* [ASSIGNMENT]
From the line containing "S18 midreviews 2_20.jpg" through the last line of the data, both ends included, write out every line exactly; omit the pictures.

* [SUPPLIED DATA]
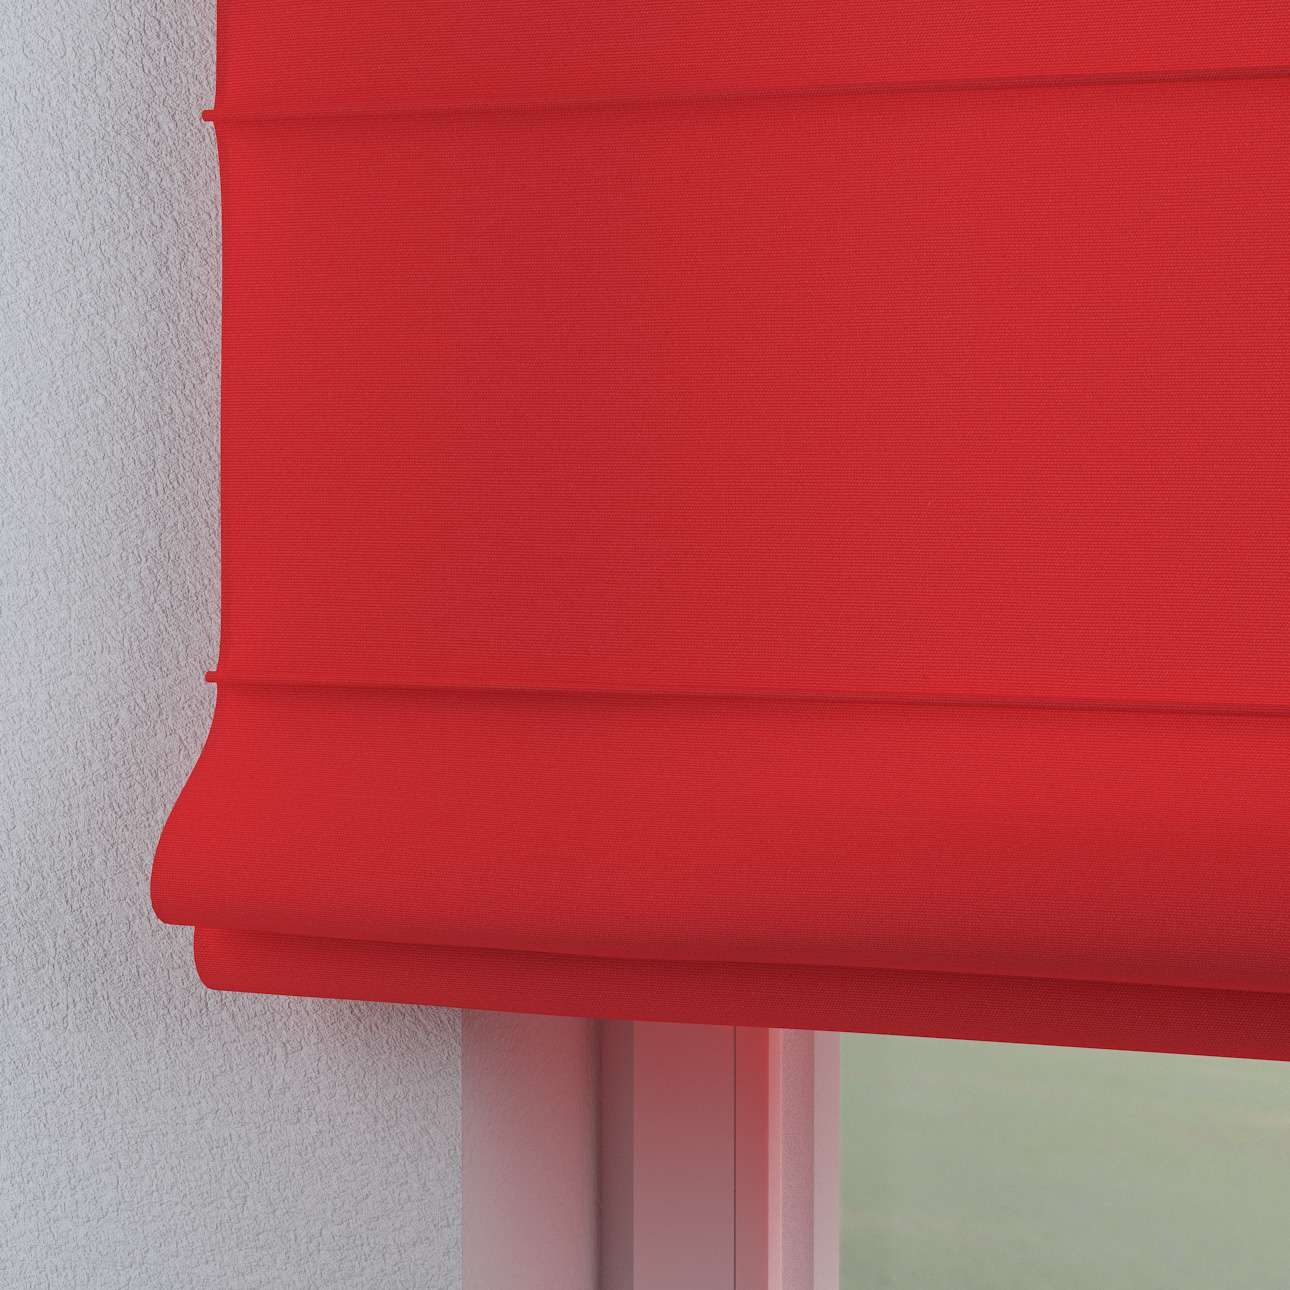 Foldegardin Capri<br/>Uden flæsekant 80 x 170 cm fra kollektionen Loneta, Stof: 133-43
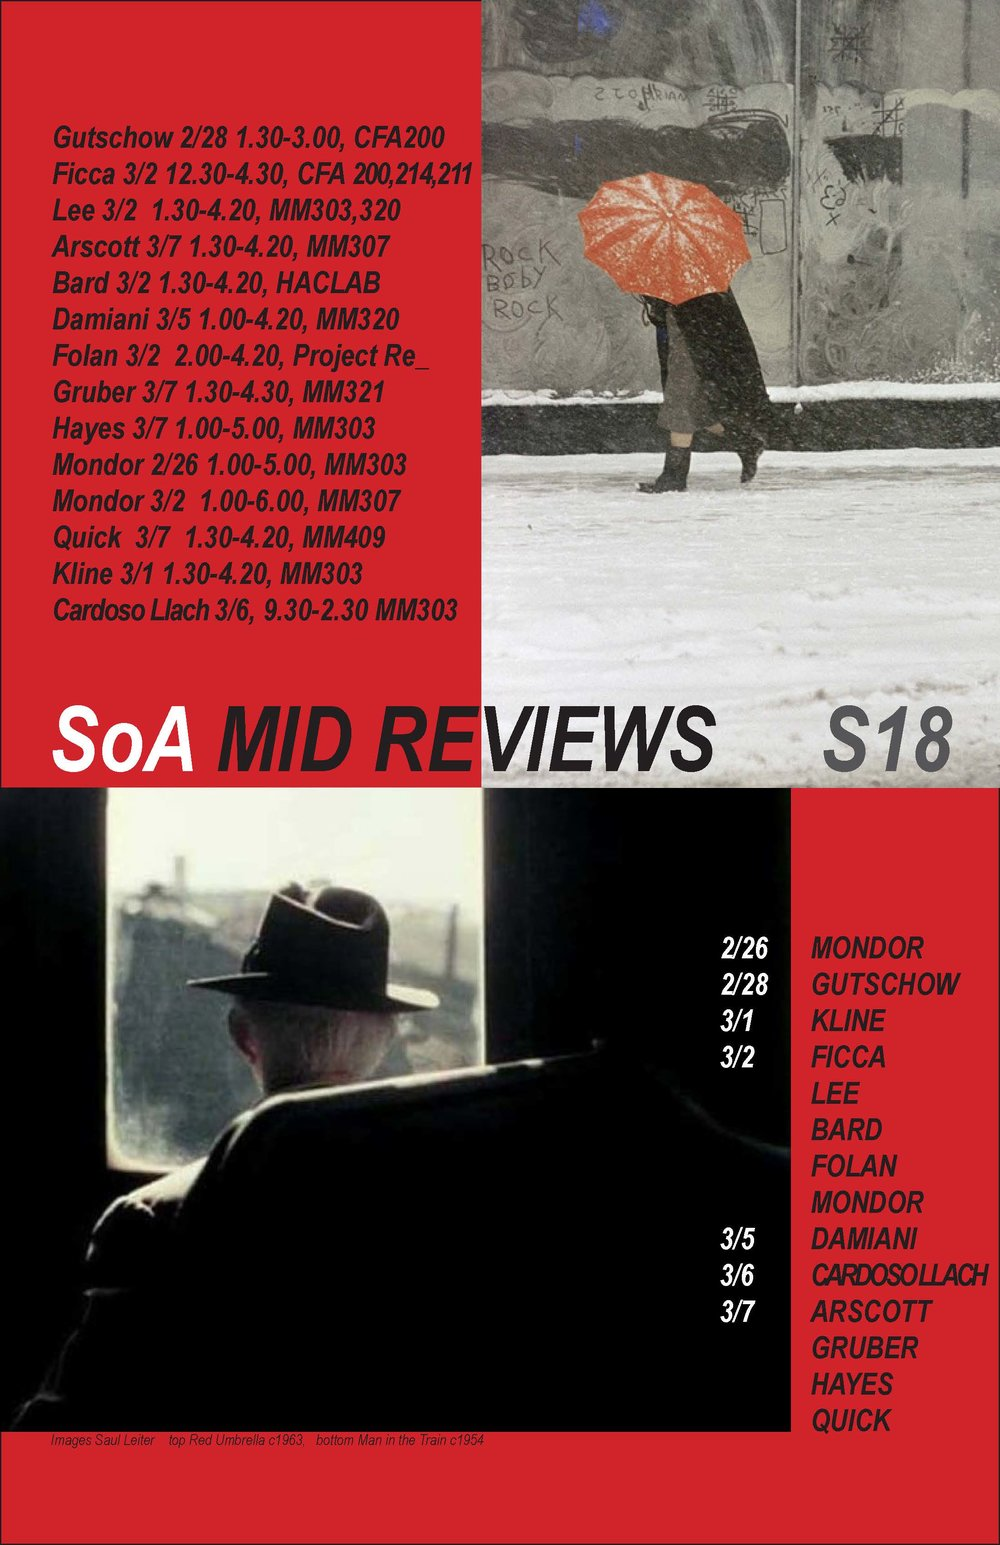 S18 midreviews 2_20.jpg
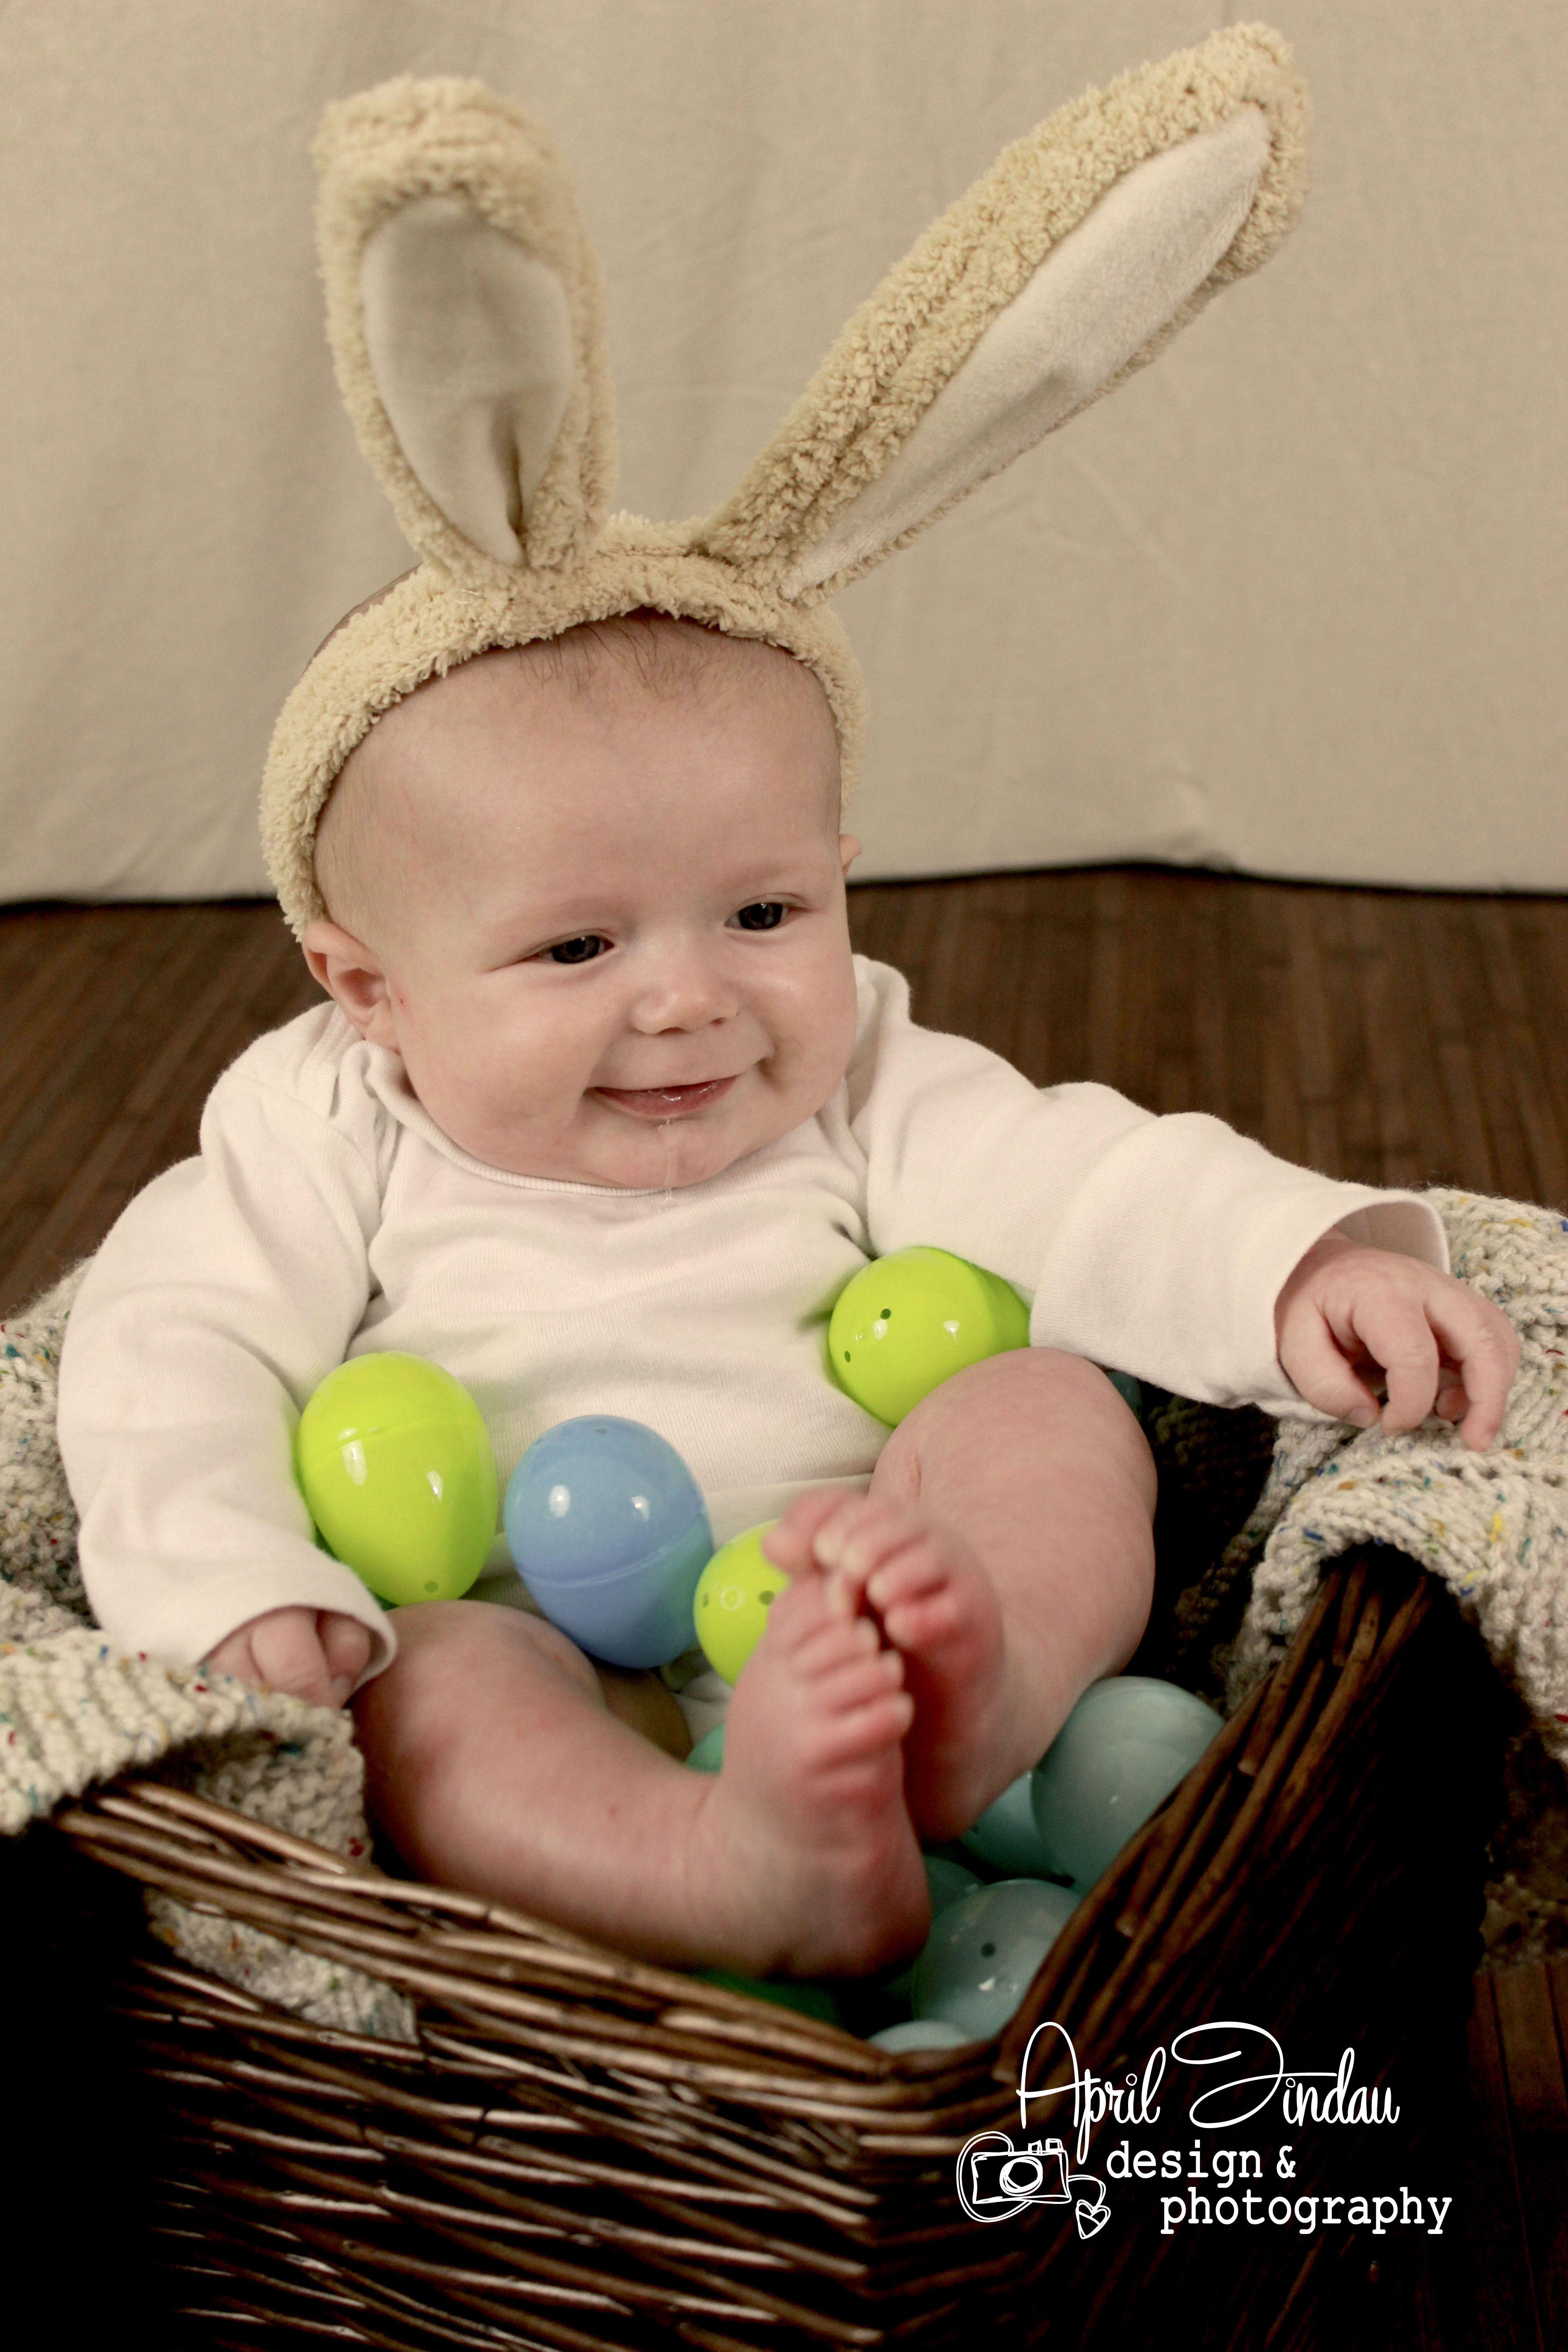 Easter baby boy portrait baby boy boston pinterest baby boy easter baby boy portrait negle Choice Image

* [RESPONSE TO THIS TASK]
 S18 midreviews 2_20.jpg
 Easter baby boy portrait baby boy boston pinterest baby boy easter baby boy portrait negle Choice Image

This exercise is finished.